Nearly new buying guide: Audi A1 Sportback

There’s no reason why a premium car has to be a large one, nor any good reason why a small one shouldn’t feature fancy technology. The original A1 wrapped all the good qualities of larger Audis in a nifty package that immediately became a hit, and although its successor grew a little larger around the waist, it embodies the same principles.

Engine choices are plentiful. At the top of the tree is a 197bhp 2.0-litre turbo petrol (badged 40 TFSI) that’s paired exclusively to a smooth six-speed automatic gearbox. But more sensible options include the 148bhp 1.5-litre (35 TFSI), 113bhp 1.0-litre (30 TFSI) and entry-level 94bhp 1.0-litre (25 TFSI) turbo petrols.

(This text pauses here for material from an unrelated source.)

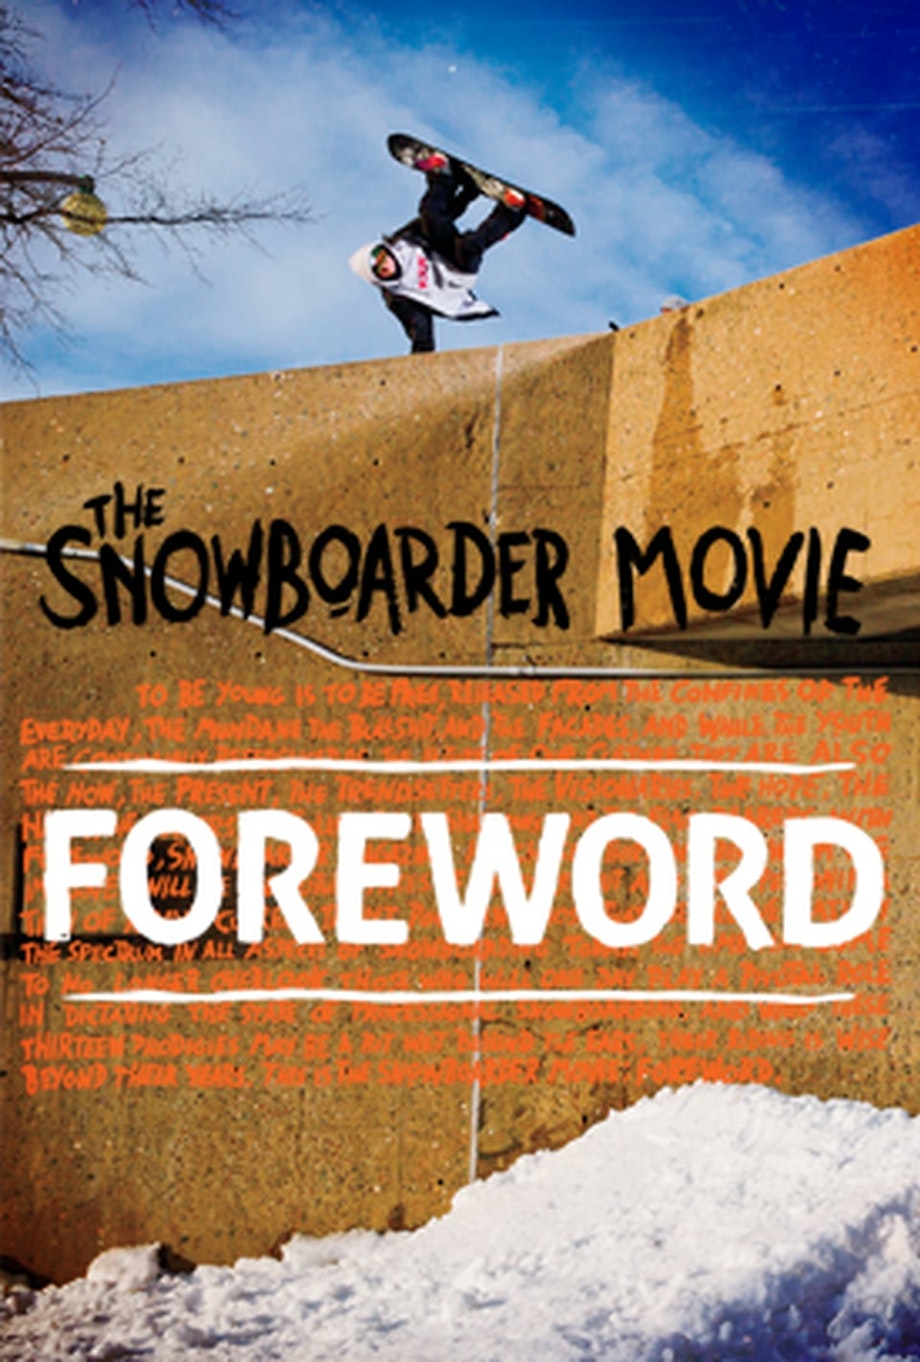 The Snowboarder Movie: Foreword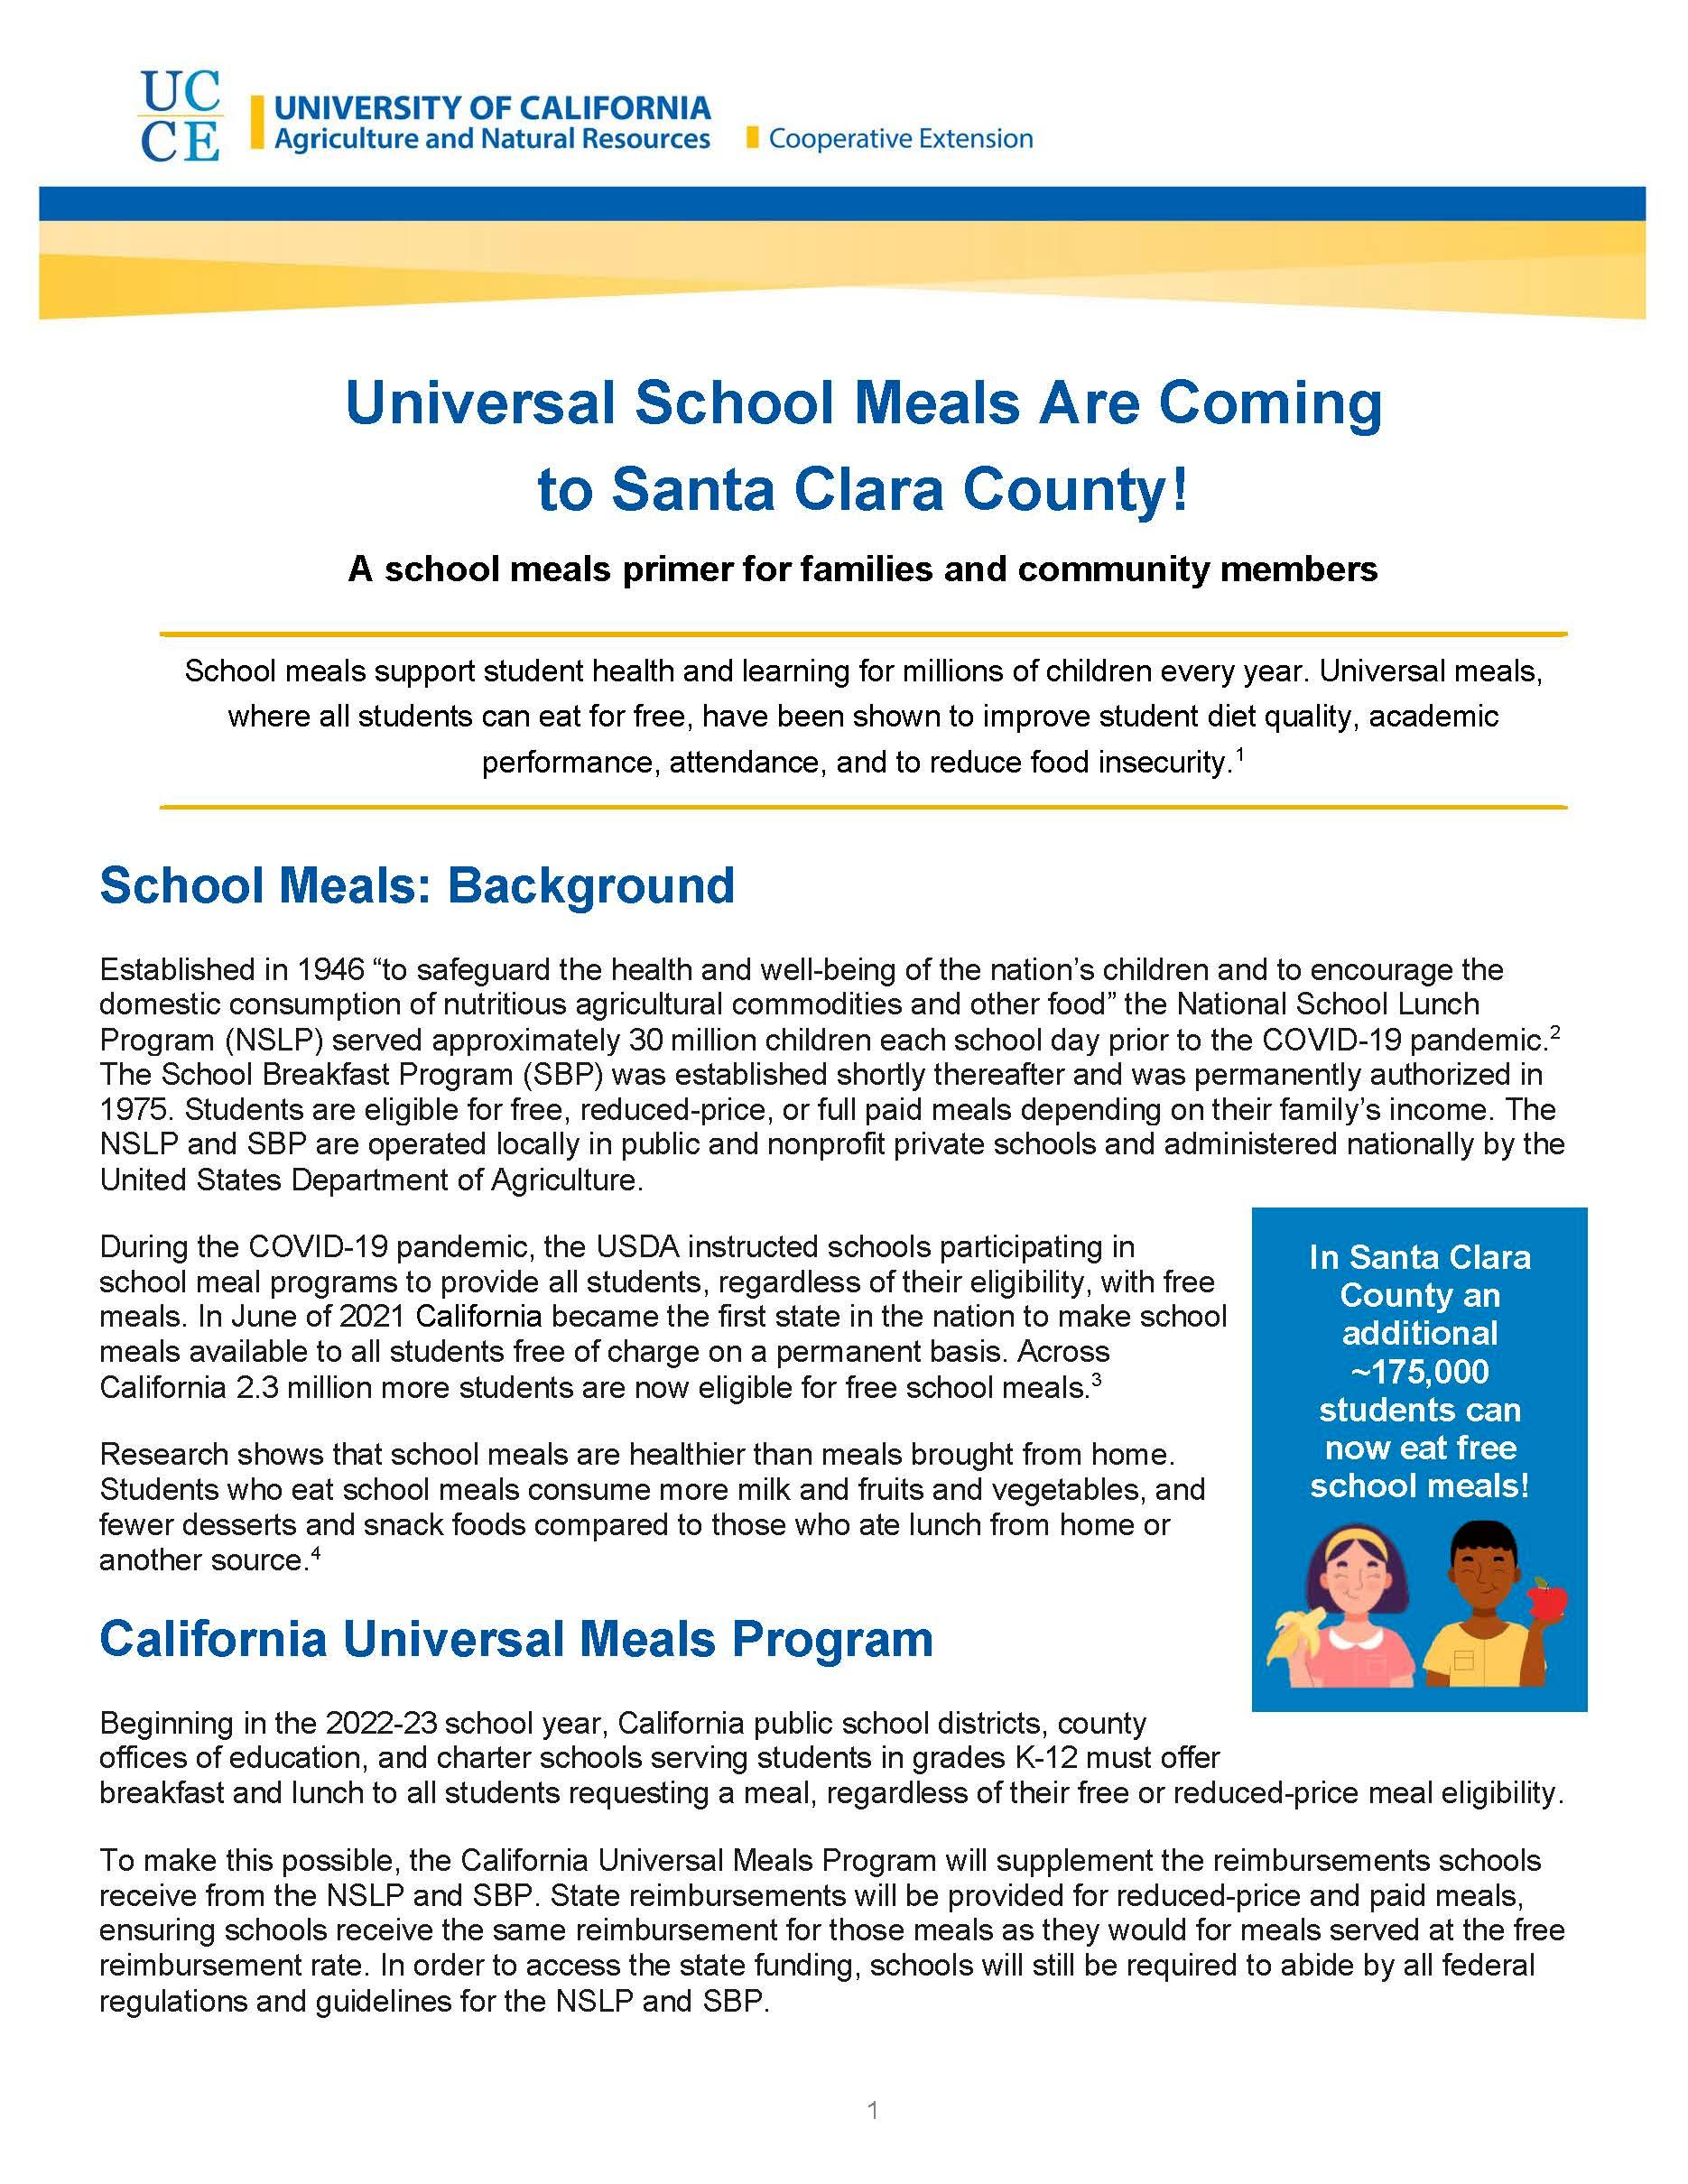 20220309 Universal Meals Factsheet_SCC linked_Page_1

However, it’s tech that really sets the A1 apart from other superminis, because even the base SE model (later known as Technik) has super-bright LED headlights and the sweeping indicators in the LED tail-lights you see on bigger Audis. There’s also a simplified, 10.25in digital cockpit, 15in alloys, a DAB radio, lane departure warning, automatic emergency braking and 8.8in touchscreen infotainment with Apple CarPlay and Android Auto.

Sport models gain 16in wheels, rear parking sensors and front sports seats. S Line comes in four different flavours. The standard version has 17in rims, sports suspension and some sportier exterior styling; S Line Contrast edition and S Line Style edition are mostly styling packages; while S Line Competition is the only way to get the most powerful 40 TFSI engine and adaptive dampers. These should be able to take the sting out of lumps and bumps on a really rough road when you select Comfort mode.

Vorsprung and Black Edition models top the range, upping the ante with 18in wheels and a wealth of additional equipment.

As long as you stick with the standard suspension set-up (called Dynamic) and don’t go for larger alloys, the A1 is one of the smoothest-riding small cars available. S Line models have sports suspension as standard, and some might find this a little too firm when in combination with 18in wheels. Ride quality may vary, then, but all A1s have predictable steering that allows you to accurately place the car on the road and are refined and good to drive. Mind you, those with the manual gearbox have a rather long gearshift action that’s not as slick as that of the cheaper Ford Fiesta.

Where the original A1 really fell short of the competition was for interior space, because while people up front were well catered for, rear accommodation was tight and the boot was small. But this current car is closely related to the latest Seat Ibiza and Volkswagen Polo, which are among the roomiest small hatchbacks around, so it’s no surprise to find that this A1 vastly improves on what went before.